Building the Best Video Annotation Tool

How we built a first class video annotation platform


About a year ago we took on the challenge of creating a video annotation service. Video annotation tools in the market were not treating video like a first class data type; they were treating video annotation as if it were simply complicated and dense image annotation. 

In response, we developed and launched Alegion Control, our next generation video annotation platform built to simplify and accelerate video annotation. It boasts an amazing U/X with unmatched support for video length, annotation density, and ontology complexity without sacrificing performance. 

Let’s examine the challenges of building a super-responsive user experience for video annotation, one that must operate across numerous annotators with potentially unstable internet connections, and scale on the back-end.


What Is Video Annotation?

At this point, the basic concepts around image annotation are clear and widespread. But video annotation is an entirely different kind of challenge. Video annotation, properly understood, is the labeling and processing of objects as three dimensional entities existing and moving through time.

There are two ways of thinking about processing a video which lead to very different results. The first, is the Single Image Method, which processes video as a collection of single images. The second, the Continuous Frame Method, understands videos as four dimensional (3D objects + time).

The ability to represent transitory states and entity persistence for each object or person over the course of a long video is the key advantage of video annotation over image annotation. Treating video data as if it is image data creates massive duplication of effort since you are often labeling and identifying objects that remain constant from frame to frame.


The Transition from Image to Video Annotation

Most video annotation services and tools were built upon image annotation solutions. Early implementations processed videos as a sequence of images and used image annotation techniques. An incoming video was expanded to a sequence of frames and distributed, usually in parallel, to be annotated. Afterwards, the annotations were zipped back up based on the frame number. 

This approach worked...until it didn't. 

In recent years, we've seen perception models move from object detection to object tracking. This involves identifying individual instances of objects and giving them a unique identifier that remains constant over time (car_7, player_3, hotdog_18) what we call "entity persistence.” You can imagine the challenges around "localizing", drawing a bounding box or placing a keypoint, all of the players in a 1000-frame hockey game clip. 
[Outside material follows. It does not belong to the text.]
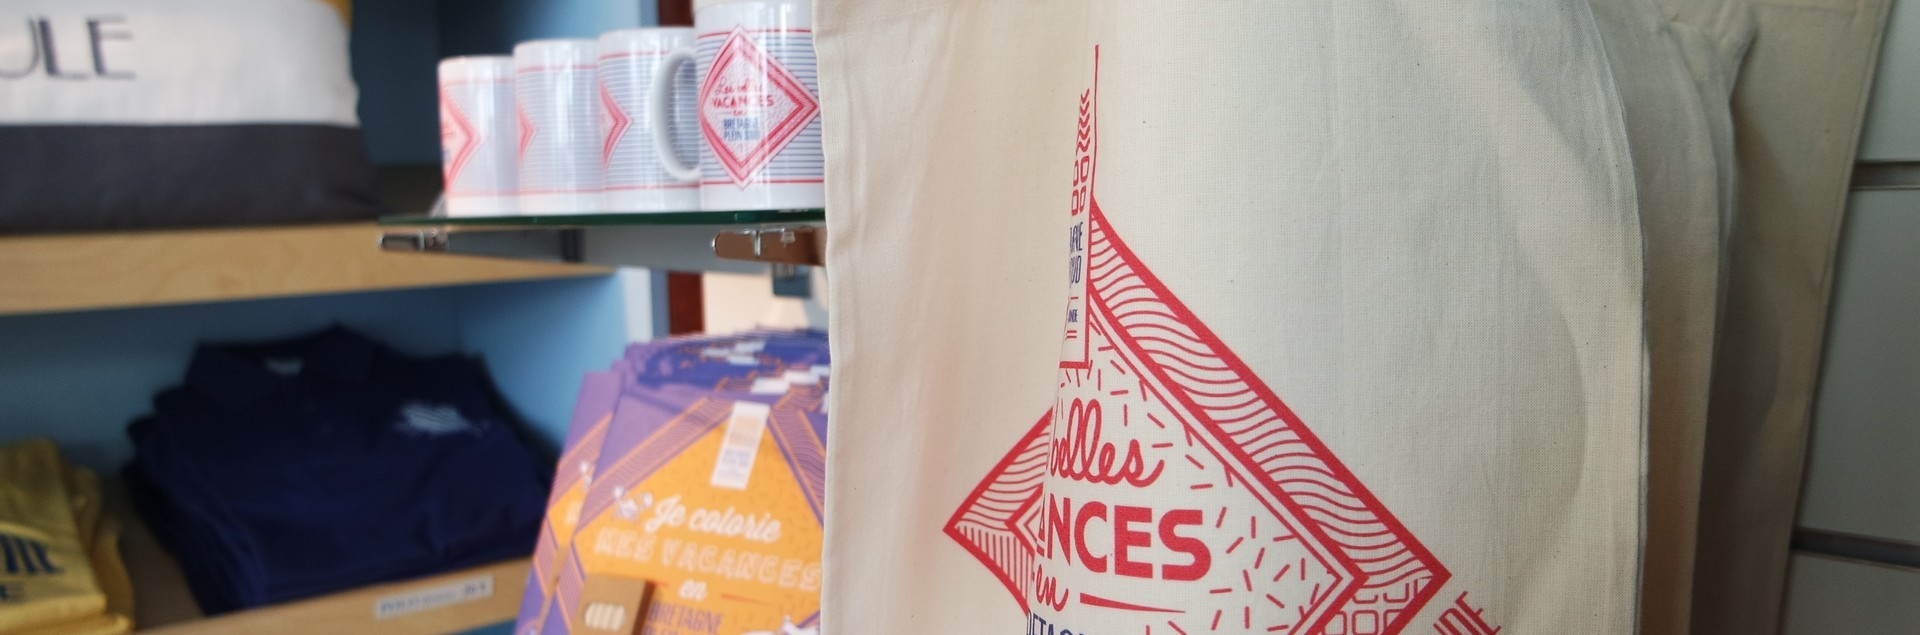 Mugs Bretagne Plein Sud - Boutique OT

Afterwards, because there were twenty annotators working in parallel, you'd have to figure out that Chip's player_3 is the same as Kenneth's player_17… for every frame. Sounds like the worst game of Telephone, ever.

Video gives us the temporal context to identify events (periods of time) in which an object is in different states, e.g. understanding the periods when a car is accelerating, decelerating, parking, or parked. This temporal information is needed to build semantic scene understanding and event recognition solutions. 

Long story short, video needs to be treated as a first-class data type.


What Is So Hard about Video Annotation?

More data 

Video assets are simply larger and more information dense than images. Copying, processing, viewing, and storing all become much more expensive operations. It requires a ton of work to make a video annotation tool feel as responsive as an image annotation tool.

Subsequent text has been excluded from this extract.